# Studying the Malay language



## zennie (Nov 2, 2015)

Hello,

I am a Czech student interested in languages and cultures of Asia. I am going to graduate from university next year and am thinking about my future career. One of things I want to do is to learn Malay/Indonesian language. Studying the local language in China or Japan is pretty easy, there are both private schools and universities with courses, often with scholarships for 6 and more months available. However, it seems there are not many international students who come to Malaysia to study the language. I cannot find any university programs teaching Malay language for foreign students, I was only able to find private schools with rather expensive tuition fees. The only scholarships I was able to find are only for postgraduate science/engineering programs. Coming from not exactly a rich country, I cannot afford it, at least as long as I am not able to work (which is usually prohibited on student visas). 

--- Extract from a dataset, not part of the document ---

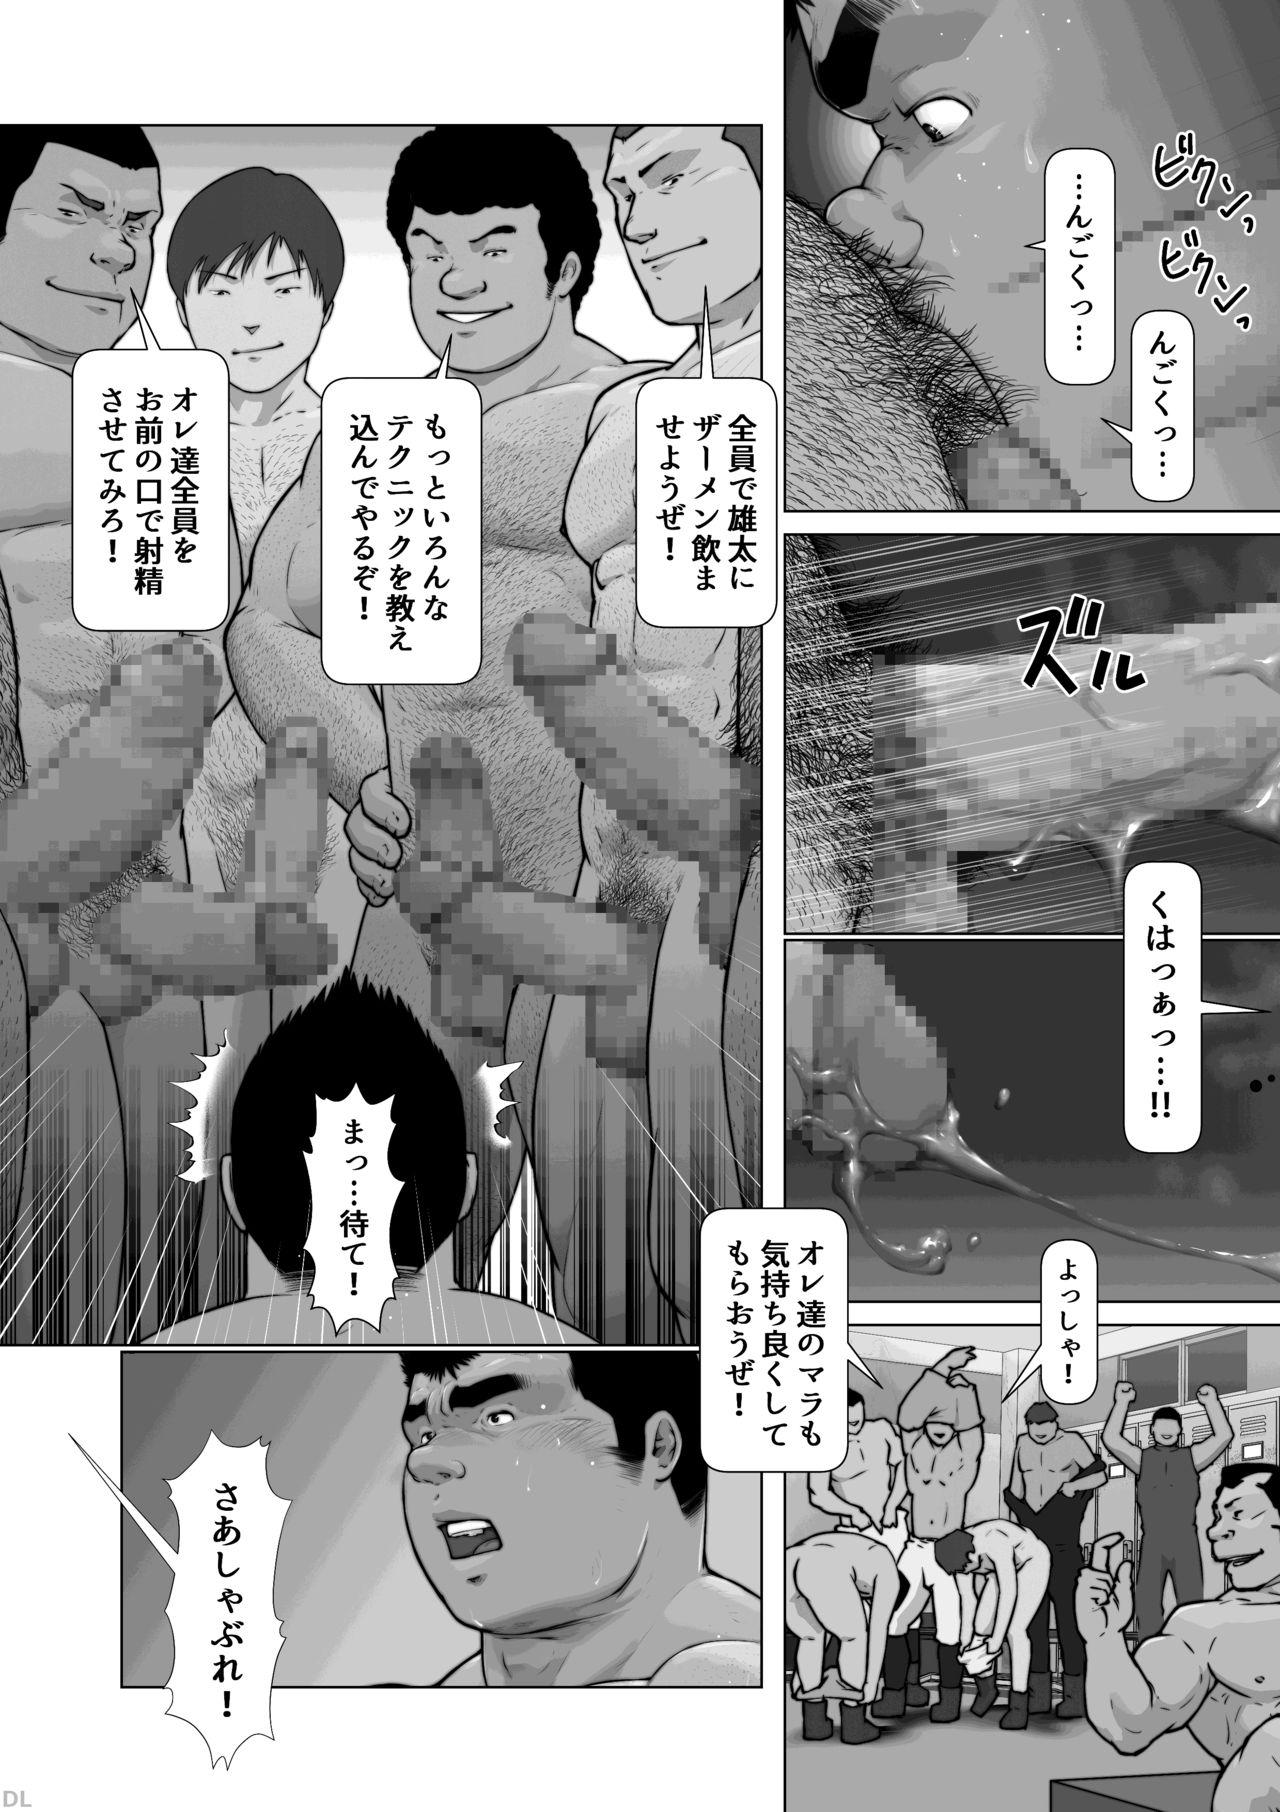 [frontierkiss (Kai Makoto)] Nanji no Teki o Aise Zenpen: Osuinu Dorei Shiiku Monogatari Dai 2-shou 2-wa (22a) [Digital] 12
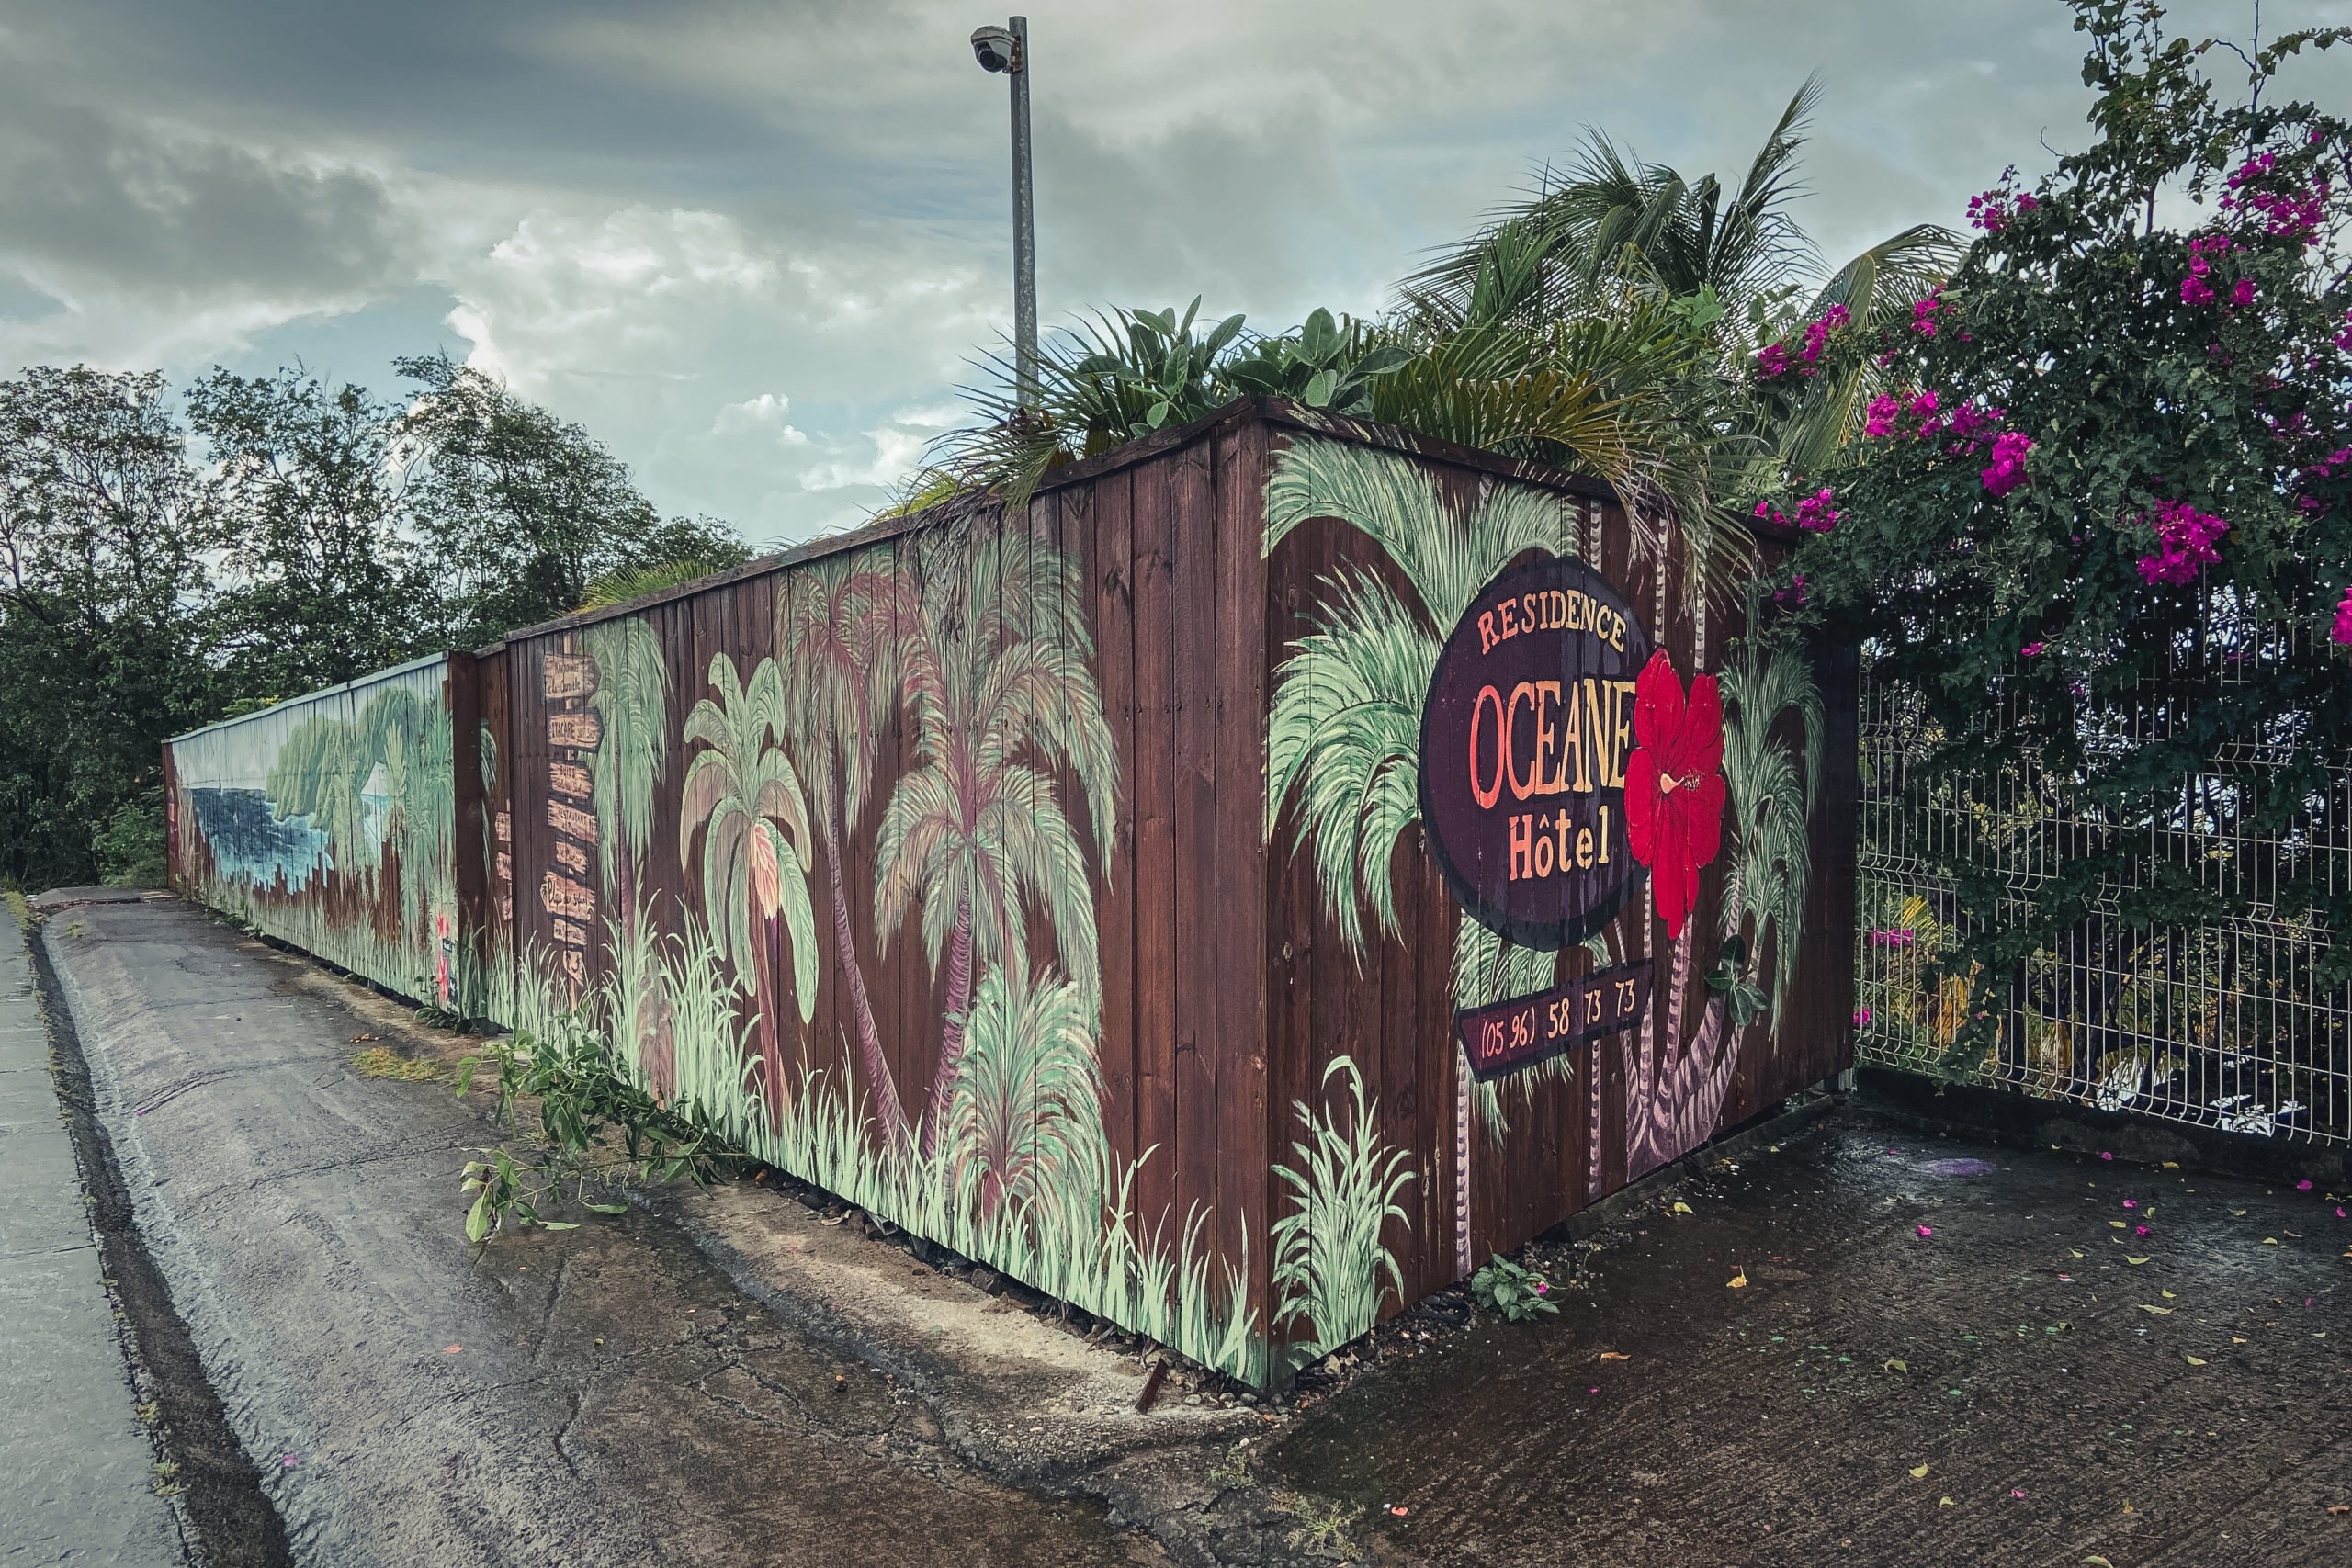 Travels blakeproduction / Martinique Atlantique

My second choice would be Indonesia, since it fulfills the requirement of language I am interested in and they do have governmental program (Darmasiswa) to provide scholarships to foreign students interested in language study. 

However, having visited both countries, I am now more interested in Malaysia. So I would like to ask, is there any affordable way to study the language in Malaysia? That means with a scholarship or being allowed do some work to cover the costs. Unfortunately, my qualifications are not that extensive. I am mostly interested in travel industry and educated in languages, apart from my mother tongue and English, I speak Chinese and Japanese. I now work freelance as a tour guide (in Japan and China) and in dictionary development, translations and interpreting. 

Thank you in advance for pointing out if there are any affordable options for me to spend some time in Malaysia.


----------



## zaly (Jul 22, 2015)

Hai zennie,

I was learning a basic foreign languages in IIUM, I may suggested you to check here 

iium dot edu dot my (/) ifla

Hope will help.


----------



## stardazzlednet (Jul 22, 2013)

Hi,

*yo*u may check this out languagehouse(dot)edu(dot)my/languagecourses.html
they are under Travel Agency management orientescape(dot)com(dot)my/

Hope this help


----------